The maximum deduction that can be claimed in a financial year is Rs 1,50,000. The current interest rates are 6.8% per annum and are subject to revision quarterly.
Senior Citizen Savings Scheme (SCSS)
As the name suggests, this investment scheme is only for senior citizens, i.e. any individual in the age group of 60 years or more. SCSS account can be opened with any bank or post office.
Any investment in this account can be claimed as deduction under section 80C, with the maximum limit being capped at Rs 1,50,000 in a financial year.
In this investment option, the interest rate is 7.4% per annum. It is quarterly paid and not compounded quarterly. Moreover, the interests earned are taxable.
Currently in 1st quarter of FY 2020-21, the RBI has decreased the Senior Citizen Savings Scheme interest rate to 7.4% according to its monetary policy.
Five-year Post Office Deposits
These are similar to bank deposits, with a lock-in period of 5 years.
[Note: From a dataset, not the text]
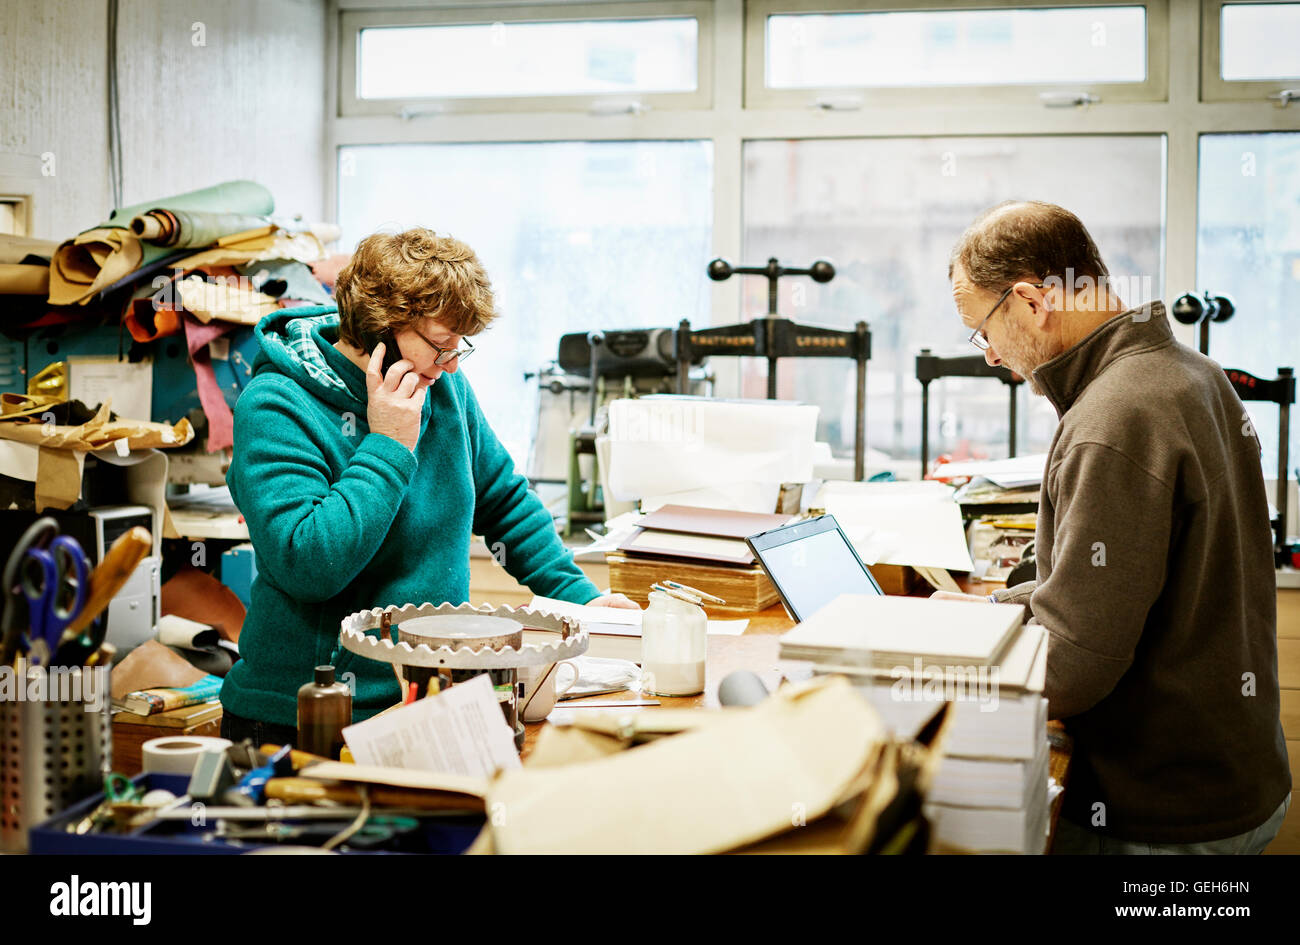 Une femme de prendre un appel téléphonique et d'un homme travaillant sur un ordinateur portable dans un atelier de reliure. Banque D'Images

The investment can be claimed as deduction under section 80C. the interest is compounded quarterly, but paid annually. However, the interest is taxable and is 6.8% per annum for current quarter i.e. April-2020 to June 2020.
Payment of Tuition Fees
If you are paying tuition fees for your children, it can also be claimed as deduction under section 80C. this helps you to save tax. But the fees should be paid in schools, colleges or universities in India only.
National Pension System (NPS)
If any individual opens an NPS account, his contribution can be claimed under section 80CCD (1).
Also, the combined deduction under both section 80C as well as 80CCD (1) cannot exceed Rs 1,50,000.
However, additional contribution of Rs 50,000 can be claimed under section 80CCD (1B), if invested in NPS.
Also, any contribution made to the Atal Pension Yojana (APY) is also eligible for claim deduction under section 80CCD (1).
Contribution in APY can be made through NSDL website or account can be opened through nearby post office.
Note that, the earlier you start investing APY, lower the premium you have to pay. Minimum age and Maximum age for opening the Atal Pension Yojana account is 18 years and 39 years respectively.
Below is the APY CHART that can referenced to calculate the amount per month need to be paid for monthly pension, according to you age.
Remember that, your tax and financial planning can help you in making money from your investments in a great way if chosen and invested wisely.
COVID-19 UPDATE : The PFRDA has temporarily suspended the automatic deduction of APY contribution from bank accounts till June 2020. Subscribers cannot do manual transaction also.